1. Crawling the knowledge plate of the International Petroleum Network
The website to be crawled is: http://oil.in-en.com/zhishi/
The website structure is relatively standard, the news list page is single and contains href links, next page links and other information
1.1 Adding seeds
}else if (crawler.webMoudle == 38) { if (crawler.mk.equals("Sybk")) { /* start page */ crawler.addSeed("http://oil.in-en.com/zhishi/"); crawler.addRegex("http://oil.in-en.com/html/oil.*"); } }
1.2 visit override
- First extract the Elements of the list page, his class is "clist sborder"

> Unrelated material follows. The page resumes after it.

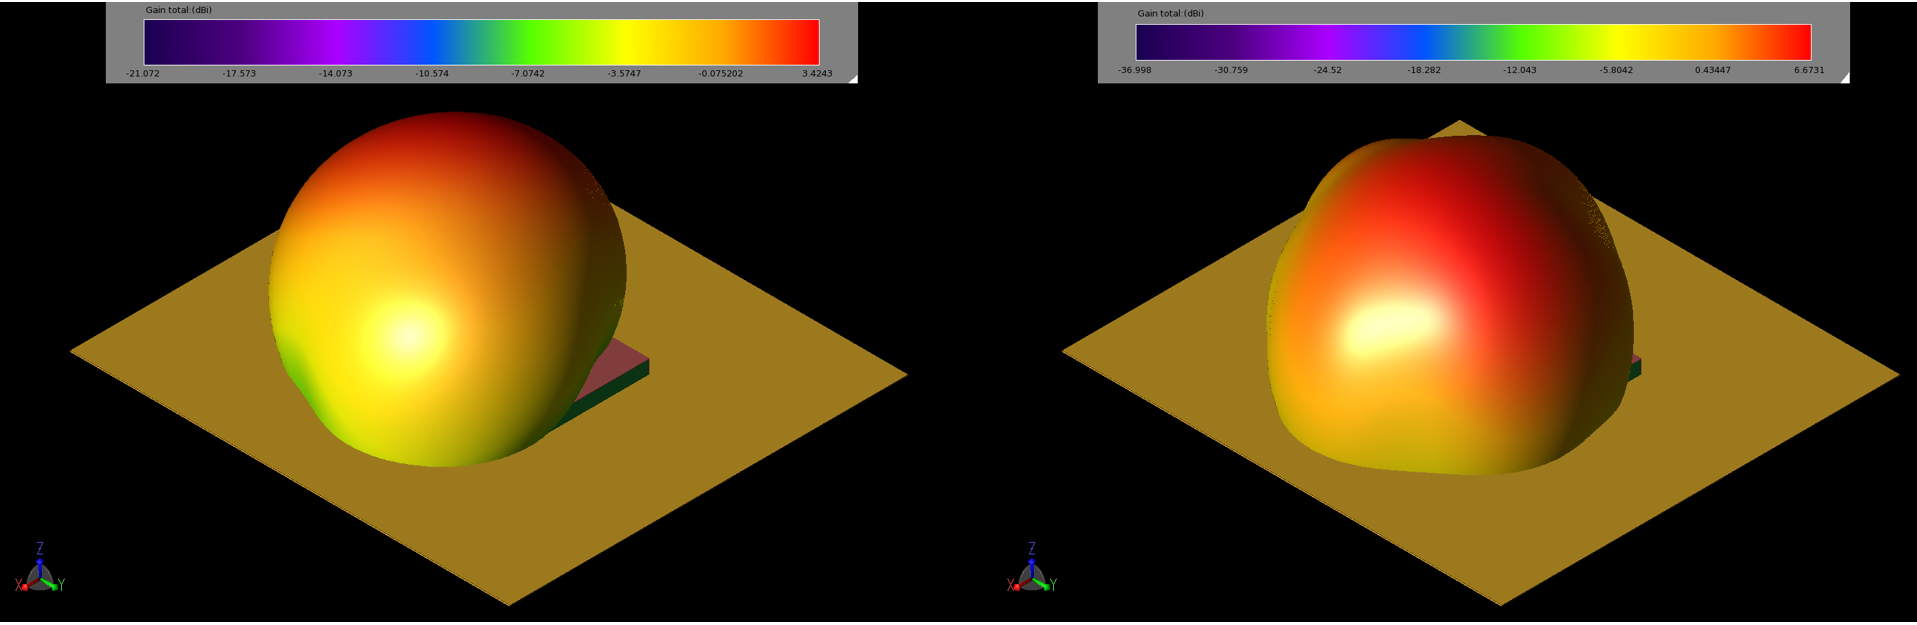 Abbildung 4: Die Verstärkungsmuster des Patches bei 2,45 GHz (links, 4a) und 5,5 GHz (rechts, 4b) sind kugelförmig mit Spitzenverstärkungswerten von 3,4 bzw. 6,7 dBi.

- Filter the a[href] in it, if it contains "http://oil.in-en.com/html/oil", add cleaning and storage
- If indexOf("next page") is next.add(href);, that is, set this link as the seed of the next page
else if (this.webMoudle == 38) { Elements pageHaveClass = page.select("div[class]"); for (Iterator it = pageHaveClass.iterator(); it.hasNext();) { Element pageSelectedClass = (Element) it.next(); String classAttr = pageSelectedClass.attr("class"); if (classAttr.equals("clist sborder")) { Elements es = pageSelectedClass.select("a[href]"); for (Iterator itHref = es.iterator(); itHref.hasNext();) { Element e = (Element) itHref.next(); String href = e.attr("abs:href"); if (e.text().indexOf("next page") >= 0) { next.add(href); } if (href.indexOf("http://oil.in-en.com/html/oil") != -1) { String title = e.text(); datebaseByContentExtractor(href, title); } } } } }
The processes of cleaning, time condition filtering, keyword filtering and storage are omitted here
The step of filtering class=" clist sborder" seems to be troublesome, but the css selector of jsoup is not very familiar with the solution to the space in the middle of the attribute, and I have not found it. See if it can be solved below.